O sul e sudoeste do Pará ainda concentram ainda as Terras Indígenas mais afetadas pelo garimpo: Kayapó e Munduruku. Esta última, em Jacareacanga, foi palco de uma série de conflitos envolvendo grupos de suposta representação do povo munduruku. A entidade Psuru é acusada de ter sido “sequestrada” por garimpeiros, indígenas e não indígenas. Ano passado, casas foram queimadas em represália a opositores da atividade nas áreas de preservação.

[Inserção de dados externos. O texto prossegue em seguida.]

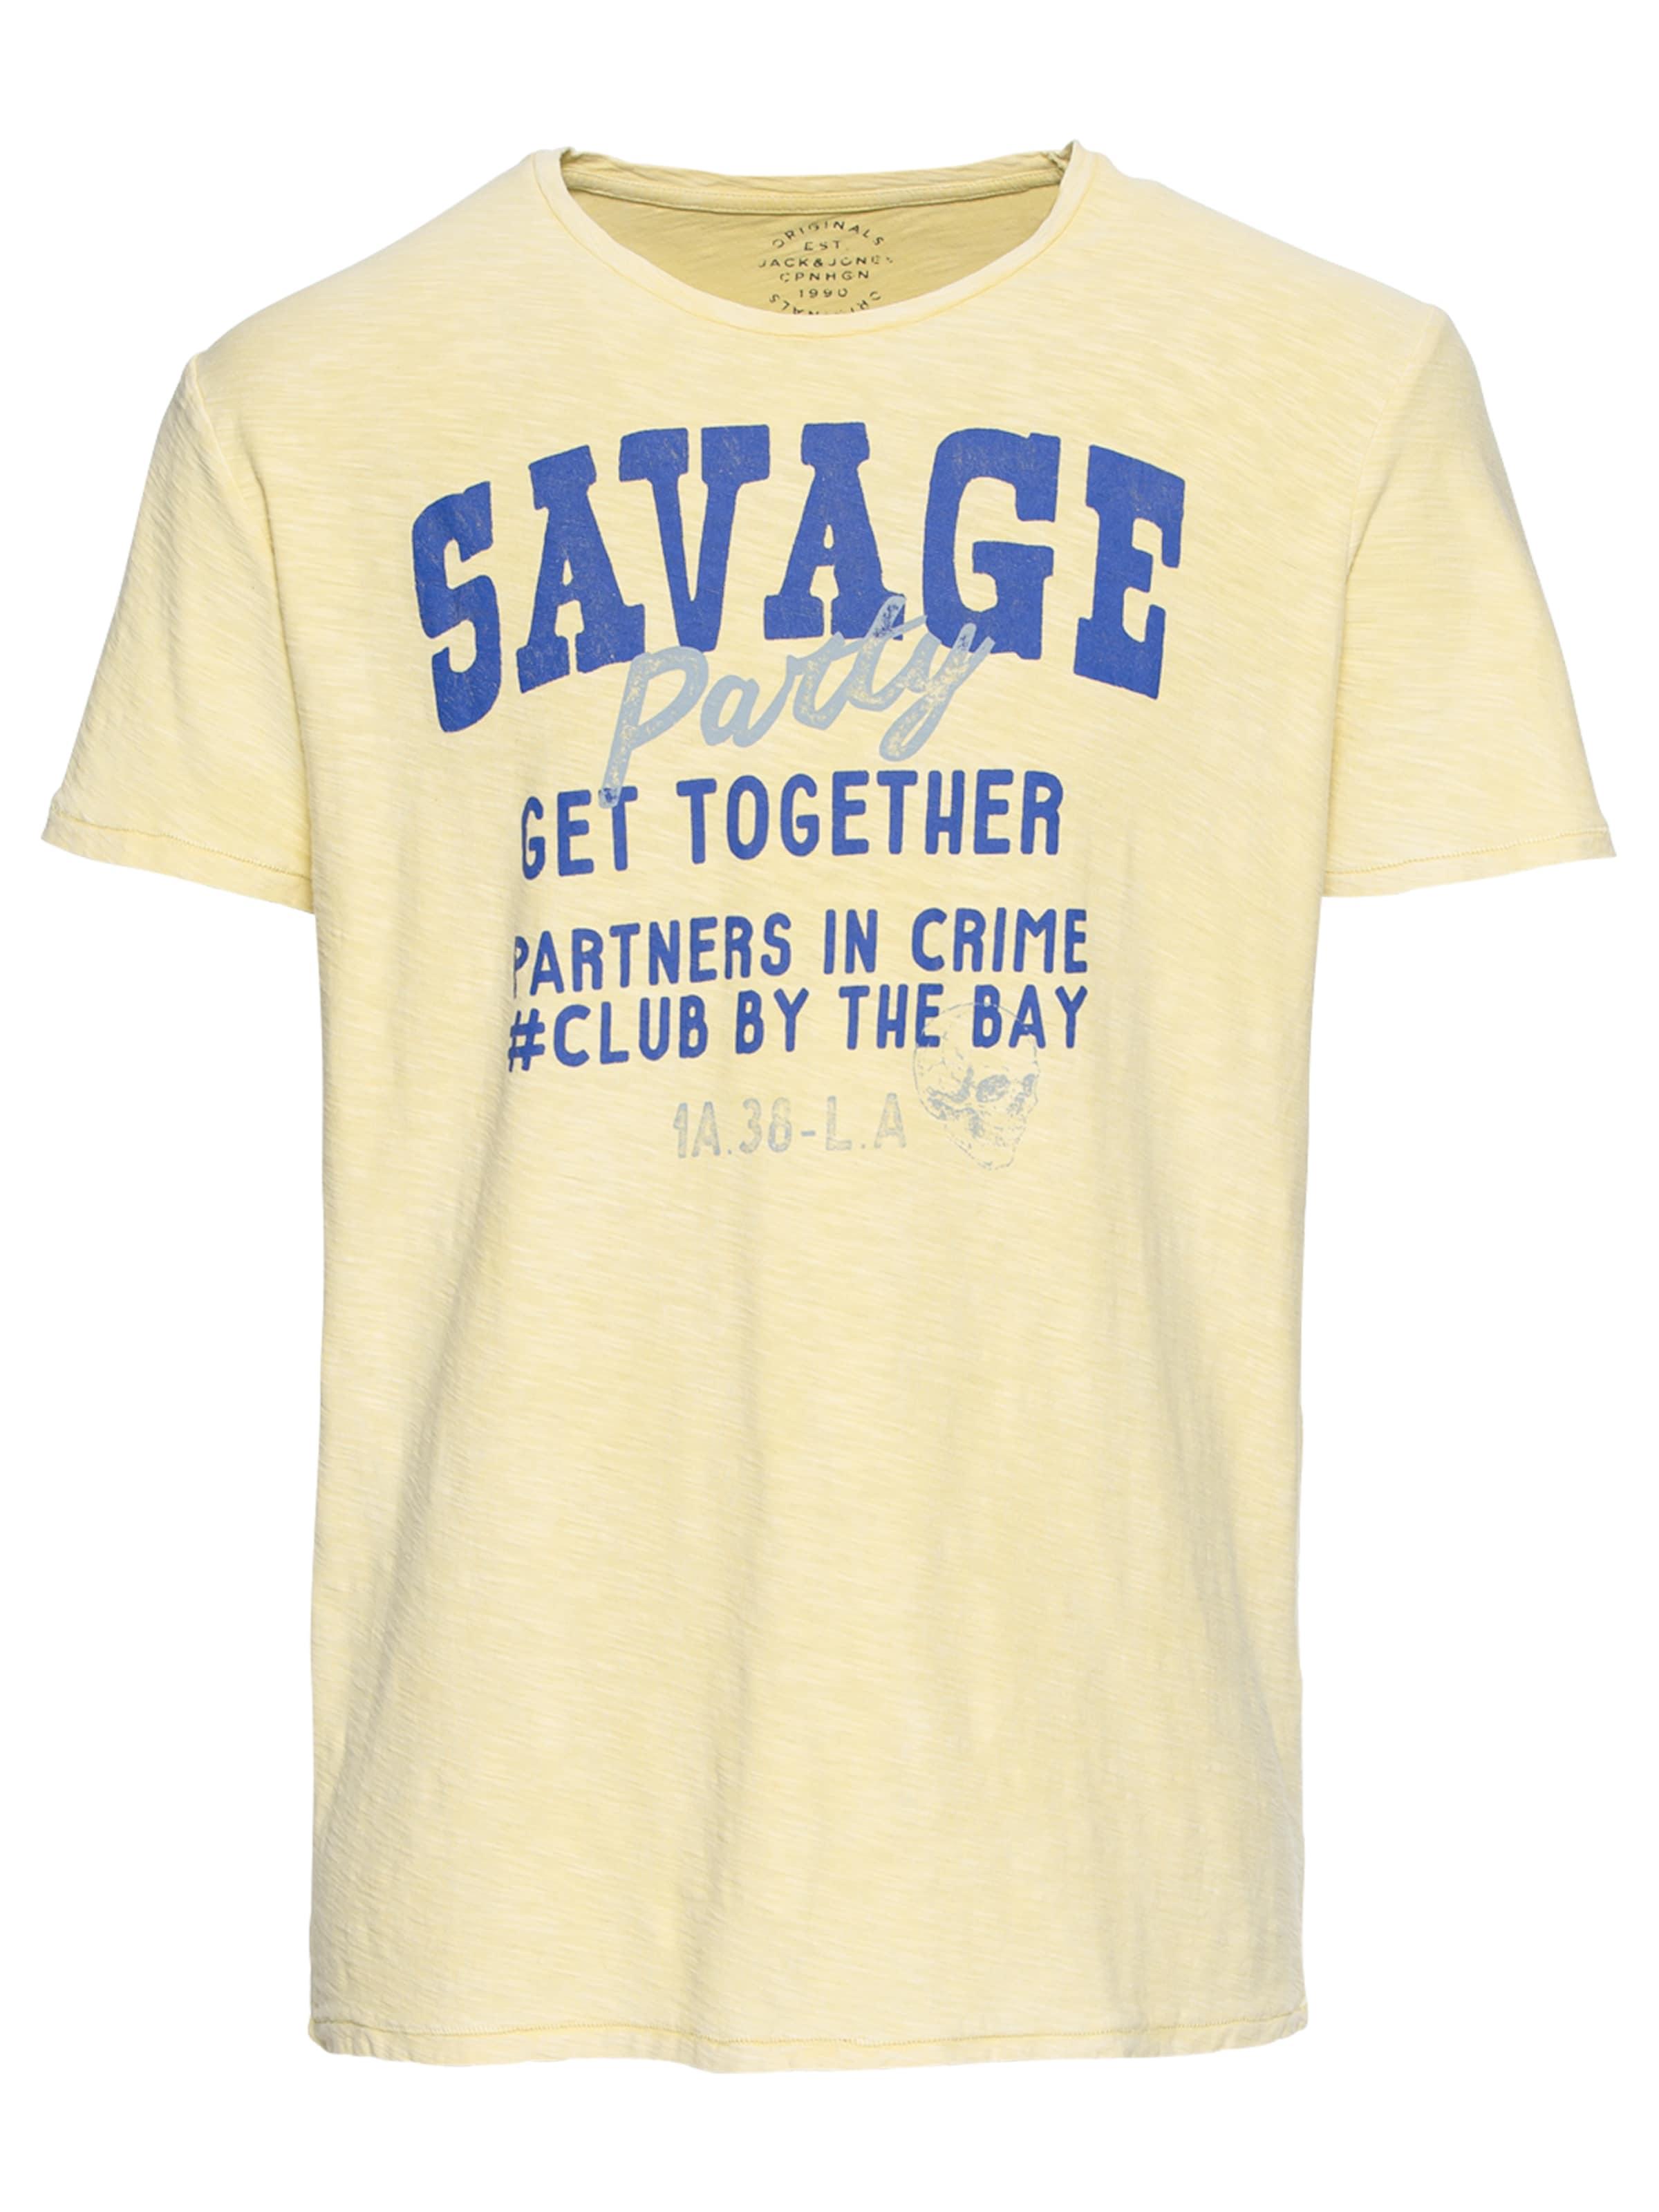 Jones 'jordaze Neck' En Crew BleuJaune shirt Jackamp; Clair Ss Tee T 7gf6YbvIy

De 2010 a 2021, a área de garimpos dentro de terras indígenas cresceu 632%. Por mais de 20 anos, entre 1991 e 2012, a atividade se manteve estável, ocupando em torno de 2.500 hectares. Em 2017, no entanto, este número se aproximou de 8.000. Um crescimento de mais de três vezes em cinco anos. Desde aquele ano, entretanto, o número saltou para quase 20.000 hectares. Somente entre 2020 e 2021 foram 4.000 hectares de florestas convertidos em buracos de escavação de minério.

Em 2021, ao menos 23 mil hectares da área de garimpo do Brasil é ilegal, localizado em unidades de conservação. Trata-se da área do município de Recife.

Mineração industrial e garimpo diferem também em relação às substâncias minerais exploradas. Enquanto a mineração industrial tem um foco mais diversificado (Fe, Al, Cu, Ni e outros) o garimpo é concentrado em poucas substâncias (Au e Sn): 83% da área ocupada por garimpo está relacionada à extração de ouro e 7% de estanho. No caso da mineração industrial, 22% da área é de mineração de ferro, 20% de alumínio e 12% de calcário.